Challenge 2: Add Exponential Backoff for Missing Data
Difficulty: Intermediate
Task: Currently, forward-fill uses a fixed limit (MAX_MISSING_SAMPLES). Implement an exponential decay on the confidence of imputed values.
Requirements:
- Add a
confidencefield toSensorReading - Reduce confidence by 10% for each consecutive imputed value
- Stop imputing when confidence drops below 50%
- Display confidence in serial output
Expected Outcome: Imputed values should be flagged with decreasing confidence as gaps grow longer.
Challenge 3: Cross-Sensor Validation
Difficulty: Advanced
Task: Add plausibility checking between temperature and light sensors.

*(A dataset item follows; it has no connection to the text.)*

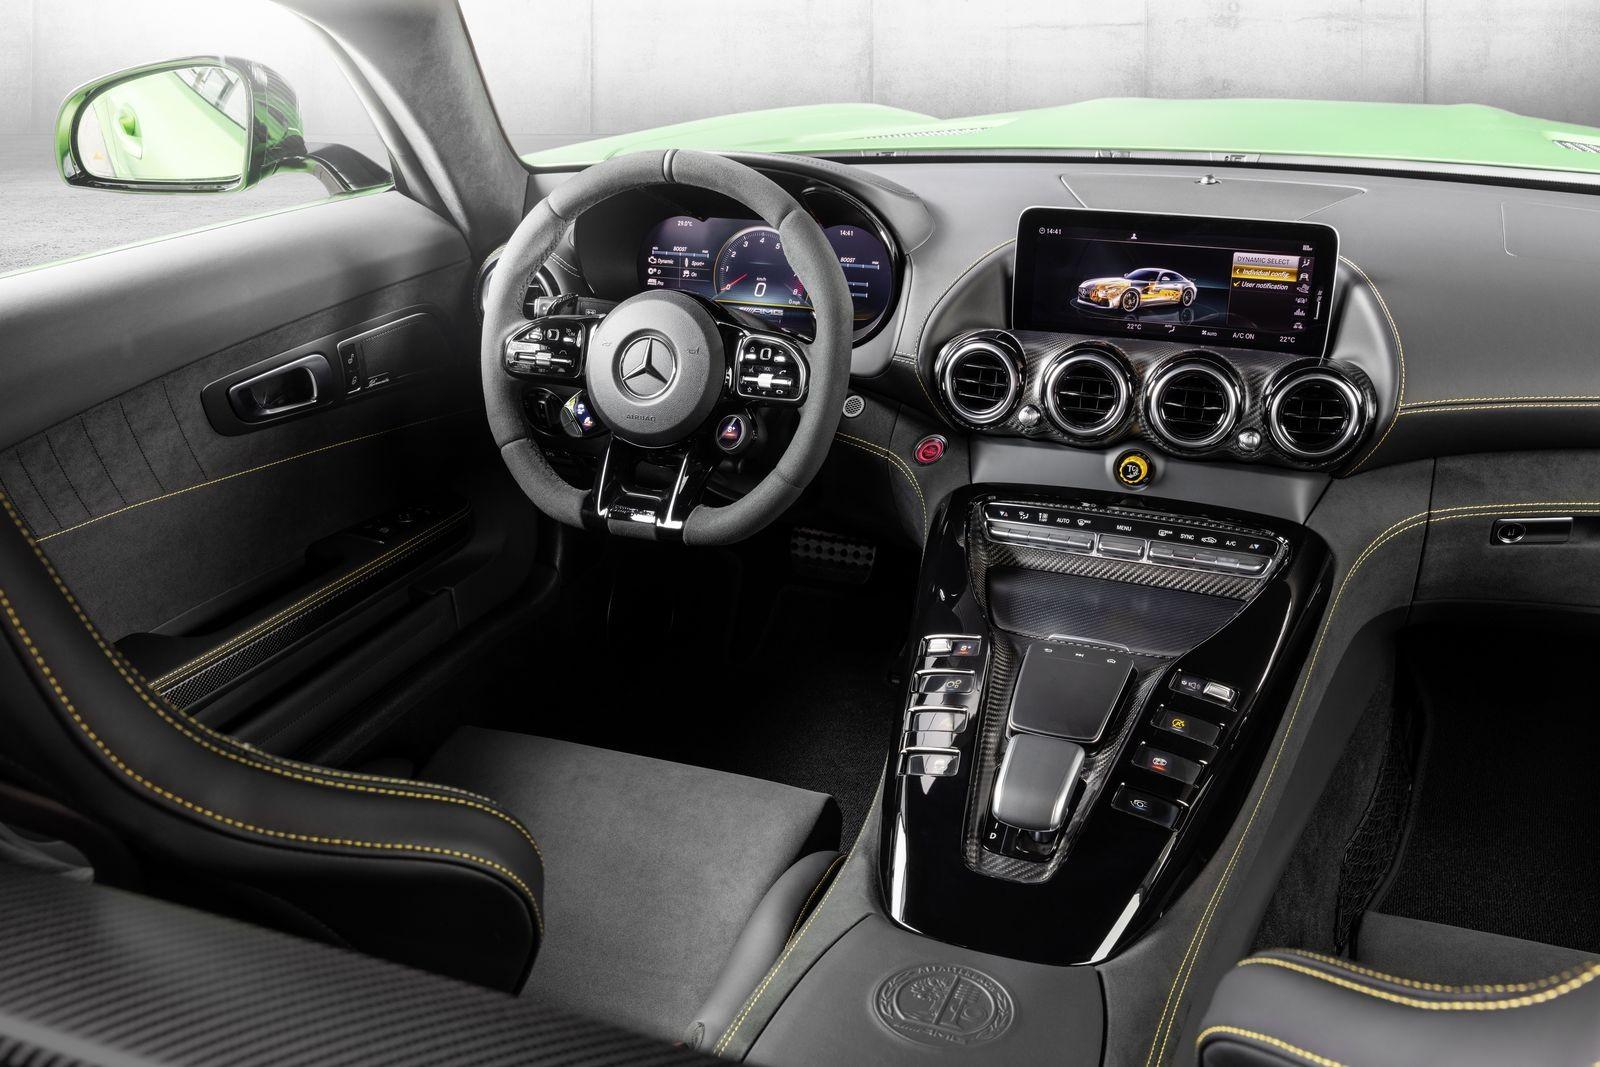 Der neue Mercedes-AMG GT und AMG GT R PRO: Nachgeschärft und noch agiler The new Mercedes-AMG GT and AMG GT R PRO: Further honed and even more agile

If it is very bright (high light), temperature should be reasonable for daytime.
Requirements:
- If light > 50000 lux and temperature < 10C, flag as suspicious
- If light < 100 lux and temperature > 35C (outdoors), flag as suspicious
- Add a new LED or serial indicator for cross-sensor anomalies
Expected Outcome: The system should detect when sensor readings are physically inconsistent with each other.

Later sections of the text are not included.